A couple of interesting things that I notice from this table:

  1. The four of the top five most abundant are involved in DNA transposition.

  2. A rhodopsin protein family appears in the Top 10 most abundant Pfams?! Proteins in this family are involved in light detection…

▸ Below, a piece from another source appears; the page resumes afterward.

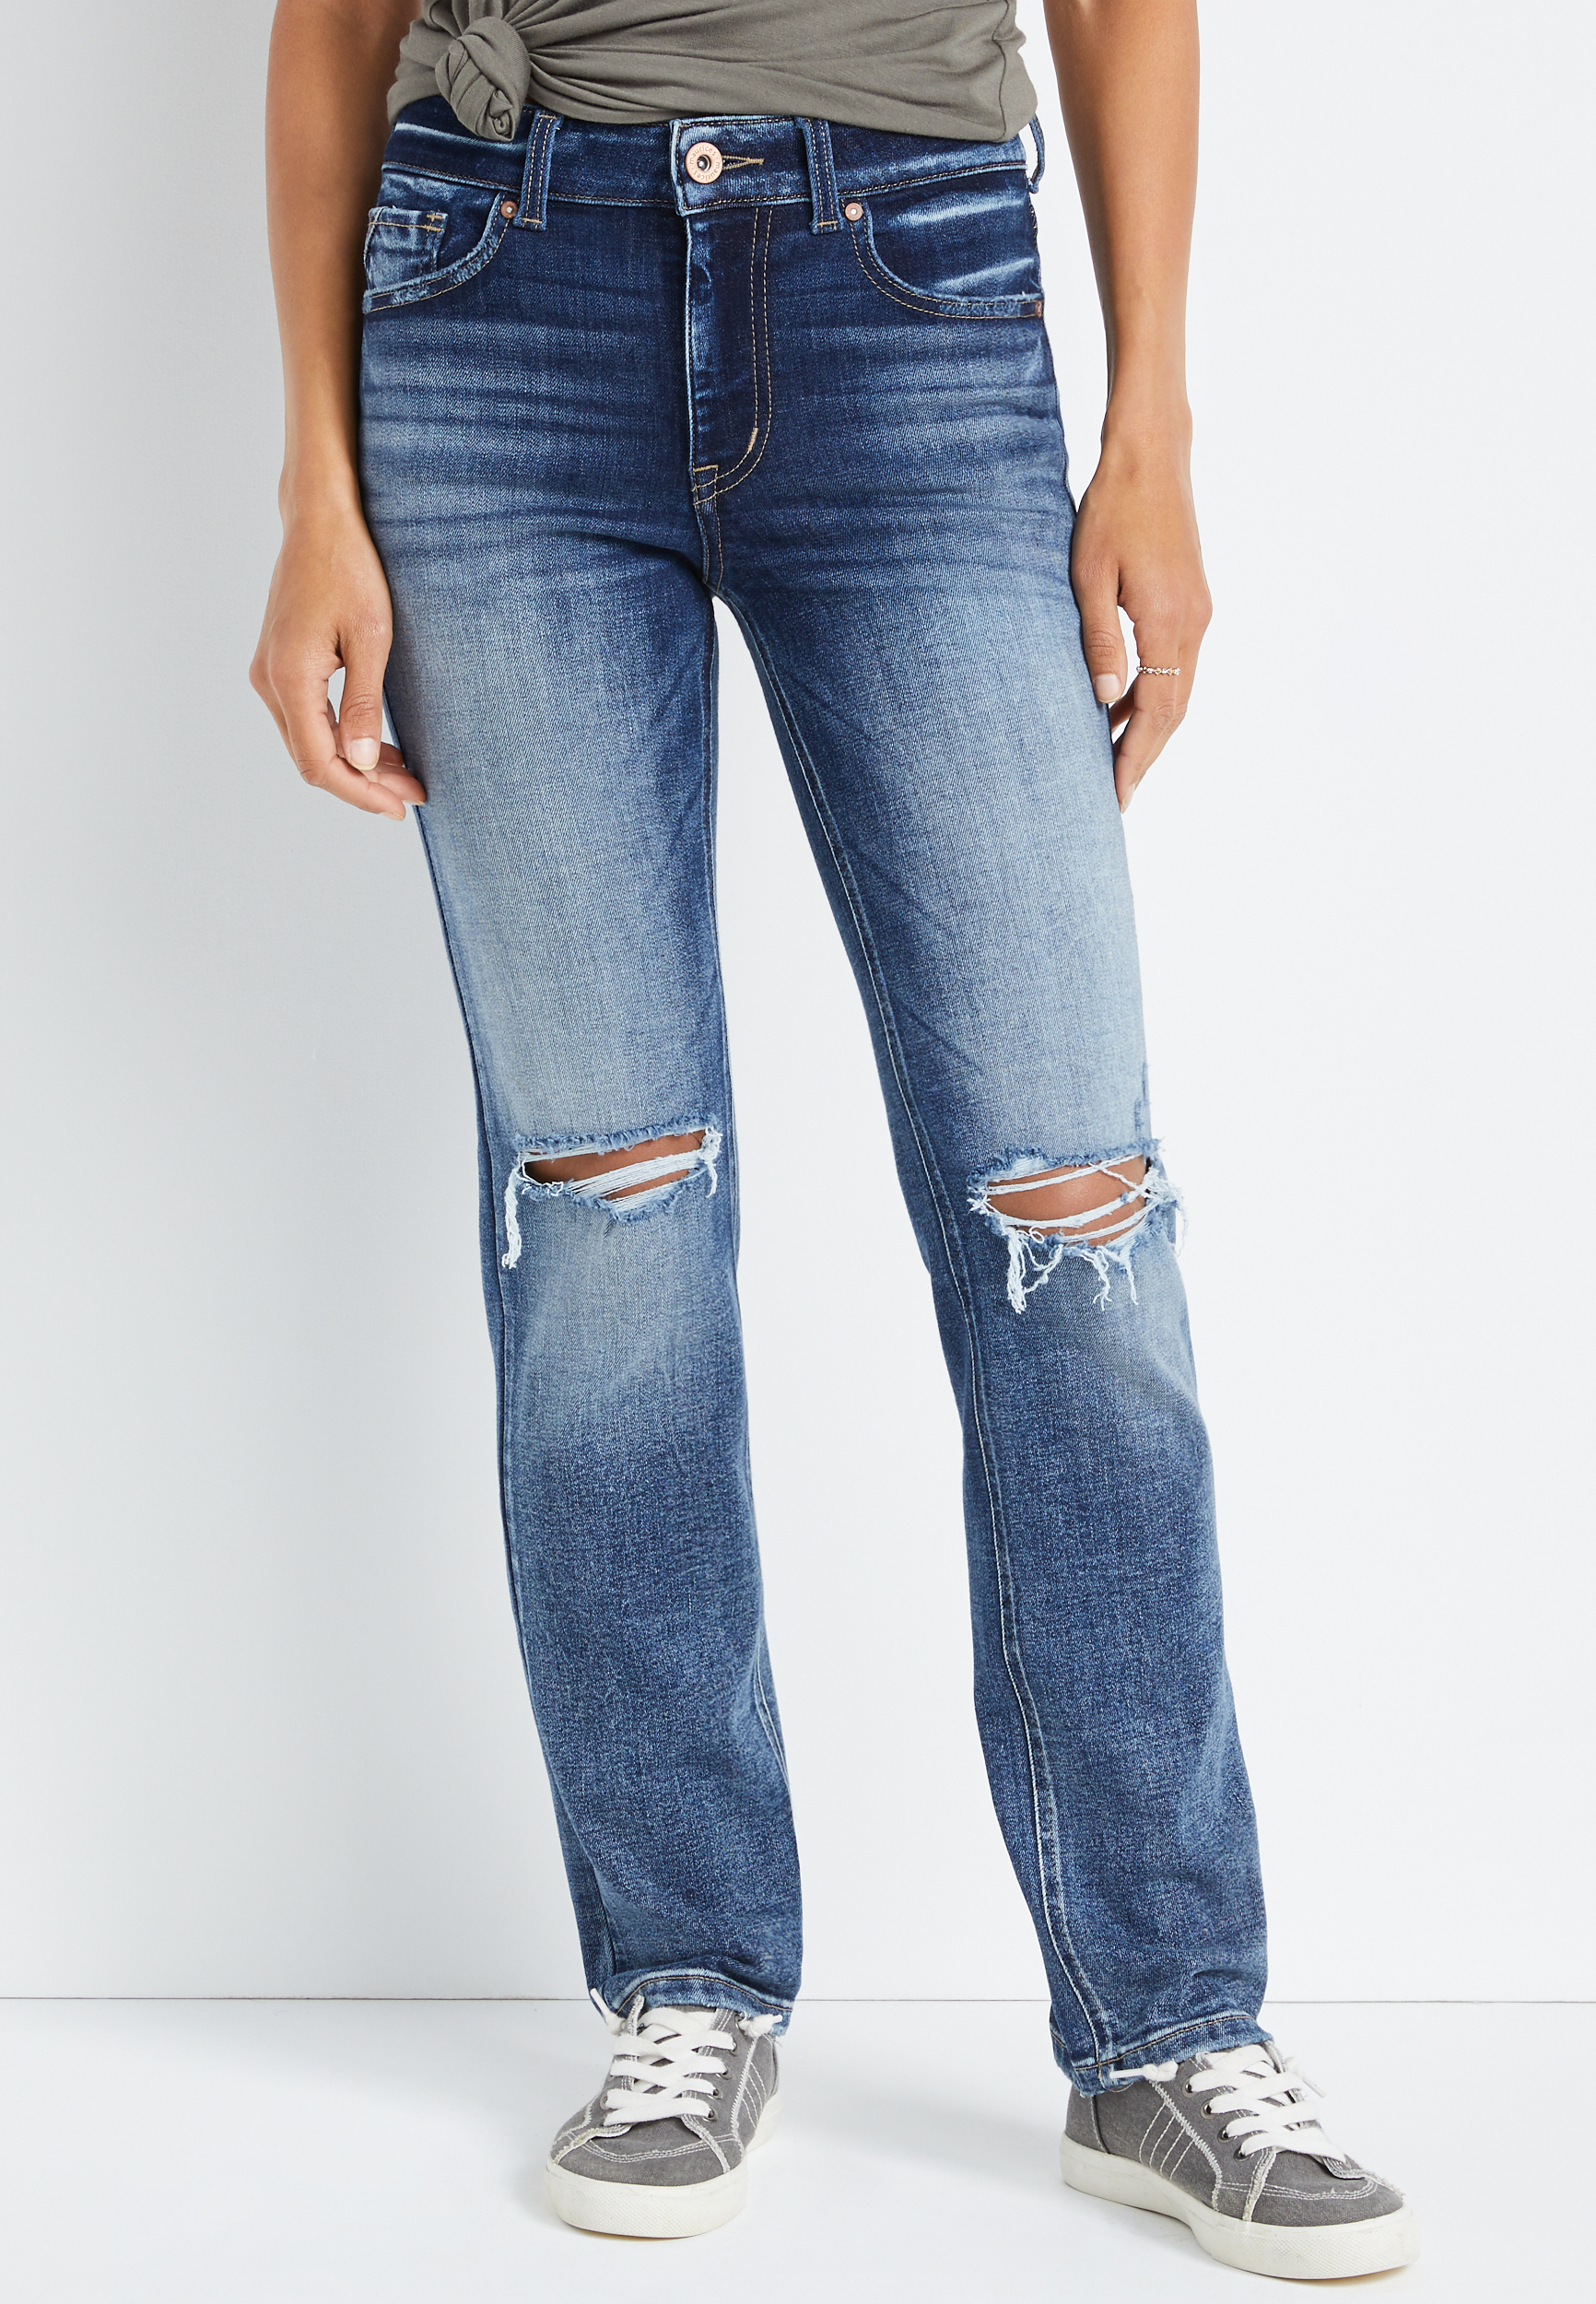 pad medarbejder ihærdige edgely™ Straight High Rise Ripped Jean | maurices

InterProScan annotations (tab-delimited text):

Project Summary file (TEXT):


=================================
 Project Summary
---------------------------------
# Project Information
  Project Name         : Pgenerosa_v074
  Owner                : kubu4
  Create Date          : 2019-07-09 14:07:39

# Project Properties
  Genus                : Panopea
  Species              : generosa
  Project Type         : invertebrate
  Prefix               : PGEN_
  Common Name          : Pacific geoduck
  Genetic Code         : Standard Code

# Input FASTA
  Filename           : Pgenerosa_v074.fa
  Filesize           : 913.68 MB
  Number of Sequence : 18

=================================
 Job Information
---------------------------------
# Official Gene Set
  >PASA Refinement
  - version : 2.3.3
  - Transcripts FASTA file : Trinity.fasta

  # The source Job of the refinement job
    >Augustus-01
    - version : 3.3.1
    - Species : fly
    - Report genes on : both
    - Allowed gene structure : partial
    - cDNA (transcripts) sequences : Trinity.fasta
    - Protein sequences : 20180827_trinity_geoduck.fasta.transdecoder.fa


# The consensus mask Job
  >Masked Repeat Consensus

  # The source jobs for consensus mask job
    >RepeatMasker
    >RepeatModeler

  # Family copy number summary
    Family	Copy Numbers
    DNA	675
    DNA/Academ	1327
    DNA/Crypton	344
    DNA/Ginger	130
    DNA/Kolobok-T2	141
    DNA/Maverick	942
    DNA/MuLE-MuDR	201
    DNA/MuLE-NOF?	142
    DNA/P	167
    DNA/PIF-Harbinger	227
    DNA/RC	587
    DNA/Sola	508
    DNA/TcMar-Fot1	117
    DNA/TcMar-Mariner	6734
    DNA/TcMar-Tc1	3718
    DNA/hAT-Tip100	516
    DNA/hAT-hAT5	1037
    Type:DNA	17513
    LINE	883
    LINE/CR1	5204
    LINE/CR1-Zenon	14653
    LINE/I	980
    LINE/I-Nimb	1119
    LINE/L1	4031
    LINE/L1-Tx1	6620
    LINE/L2	8879
    LINE/L2-Hydra	113
    LINE/Penelope	1026
    LINE/RTE-X	21214
    Type:LINE	64722
    SINE/tRNA-Core-L2	41152
    Type:SINE	41152
    LTR/Caulimovirus	140
    LTR/DIRS	448
    LTR/Gypsy	1031
    LTR/Ngaro	343
    LTR/Pao	82
    Type:LTR	2044
    Type:EVERYTHING_TE	125431
    Type:Simple_repeat	19235
    Type:Unknown	1465471

# The functional Jobs on the OGS
  >InterProScan
  - version : 5.29-68.0

  >Pfam
  - version : 1.6
  - E-value Sequence : 1
  - E-value Domain : 10

  >SignalP
  - version : 4.1
  - Organism group : euk
  - Method : best
  - D-cutoff for SignalP-noTM networks : 0.45
  - D-cutoff for SignalP-TM networks : 0.50
  - Minimal predicted signal peptide length : 10
  - Truncate to sequence length : 70

  >BLAST protein vs protein (blastp)_SP01
  - version : 2.7.1
  - Protein Data Set : SwissProt
  - Maximum HSP Distinace : 30000
  - Output type : tab
  - Matrix : BLOSUM62
  - Expect : 1e-8
  - Word Size : 3
  - Gap Open : 11
  - Gap Extend : 1

  >DIAMOND Functional_SP01
  - version : 0.9.22
  - Protein Data Set : SwissProt

  >BLAST protein vs protein (blastp)
  - version : 2.7.1
  - Protein Data Set : 20180827_trinity_geoduck.fasta.transdecoder.fa
  - Maximum HSP Distinace : 30000
  - Output type : tab
  - Matrix : BLOSUM62
  - Expect : 1e-8
  - Word Size : 3
  - Gap Open : 11
  - Gap Extend : 1

  >DIAMOND Functional
  - version : 0.9.22
  - Protein Data Set : 20180827_trinity_geoduck.fasta.transdecoder.fa

Overall, this annotation is much more believable than the previous MAKER annotations, due to the fact that GenSAS actually predicts genes to exist on all the scaffolds (unlike MAKER)! As such, this will likely become the canonical P.generosa genome going forward. With that being said, we still should manually curate this when we have the time to see how well the predictions line up with the evidence.